Numa vila do bairro do Bixiga em São Paulo, tradicional reduto de imigrantes italianos, mora Nino (Juca de Oliveira), o amigo de todos. O rapaz tinha quinze anos quando chegou ao Brasil em companhia de um tio, Ângelo (Uccio Gaeta). Com muito trabalho Nino tornou-se dono de um açougue. Alegre, rude e de bom coração, o rapaz não consegue conquistar o coração da ambiciosa Natália (Bibi Vogel), sua vizinha também pobre que está tentando se aproximar de Renato (Wilson Fragoso), seu milionário patrão – dono de uma joalheria e filho de Dona Virgínia (Dina Lisboa), proprietária das casas da vila, completamente contra o envolvimento de Renato com Natália.
Enquanto Nino sofre por Natália, Bianca (Aracy Balabanian) sofre de amores por Nino. Ela é uma jovem meiga, tímida, não muito bonita e que, ainda por cima, tem um defeito na perna. Apaixonada pelo açougueiro, Bianca vive seu ciúme em silêncio, até que Nino vê despertar em si o verdadeiro amor em relação a ela.
A Trama simples que nos remetia ao cotidiano de pequenos bairros e vilas conquistou o Brasil e  com quase um ano no ar nunca fez o público, que se via em cada história,  perder o interesse pela novela. 

Nino, O Italianinho criou um estilo próprio na tv. O texto do Geraldo Vietri e Walther Negrão  despertou interesse fora do Brasil e foi vendido para vários países.
Juca de Oliveira na pele do protagonista foi catapultado ao sucesso e ganhou status de grande astro e galã número 1 da emissora.
Nino, O Italianinho marcou a estreia em novelas  da atriz Bibi Vogel, famosa modelo internacional e considerada um dos rostos mais bonitos da década de 60 e 70.


Outros atores tiveram momentos memoráveis na trama com personagens inesquecíveis como : Dina Lisboa, que mostrava pela primeira vez em novelas uma caracterização de grã-fina; e Aracy Balabanian deu um show vivendo a antiestrela Bianca, com uma caracterização impecável da personagem que não tinha muitos atributos de beleza e ainda puxava de uma perna com defeitos.

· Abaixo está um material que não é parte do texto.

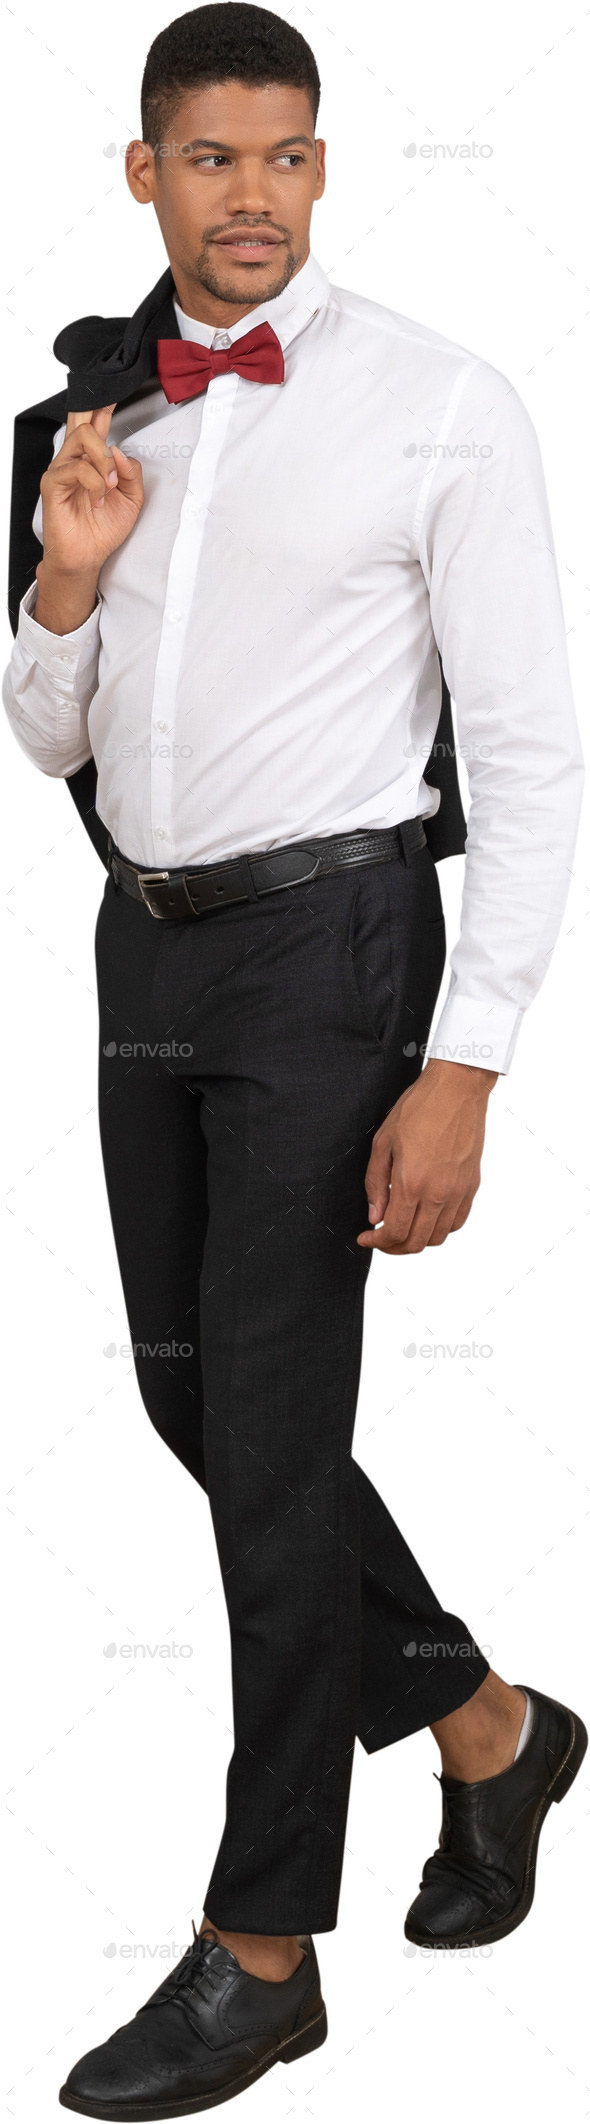 A Man In A White Shirt And Red Bow Tie And Black Pants Stock Photo By Icons8

A novela apresentou personagens com tipos especiais para seus intérpretes, como a fofoqueira Dona Nena (Dirce Migliaccio), a solteirona Leonor (Lúcia Mello), o turco Max (Marcos Plonka) , a mulher desagradável Júlia (Marisa Sanches), o marido paciente Vicente (Graça Mello).
Néa Simões em uma participação na trama, reviveu a mesma personagem de Antônio Maria. Na história Catarina  reaparece em Nino, O Italianinho   à procura de  Dona Nena (Dirce Migliaccio), moradora da vila de Nino.
Os moradores da Vila onde Nino morava eram tão reais que o público se identificava com muitos deles. A certa altura da trama os moradores da vila pobre eram despejados de suas casas. Na vida real, a condição dos personagens tocou o telespectador de tal forma que um prefeito de uma cidade do interior do país ofereceu infra-estrutura, terrenos e casas para  que os personagens pudesses ser acolhidos. Inacreditável!
Nino, O Italianinho passou a ser reapresentada imediatamente ao seu término. A Tupi tinha receio  que o público se afastasse do canal se sentindo órfãos do italianinho ante ao término da novela.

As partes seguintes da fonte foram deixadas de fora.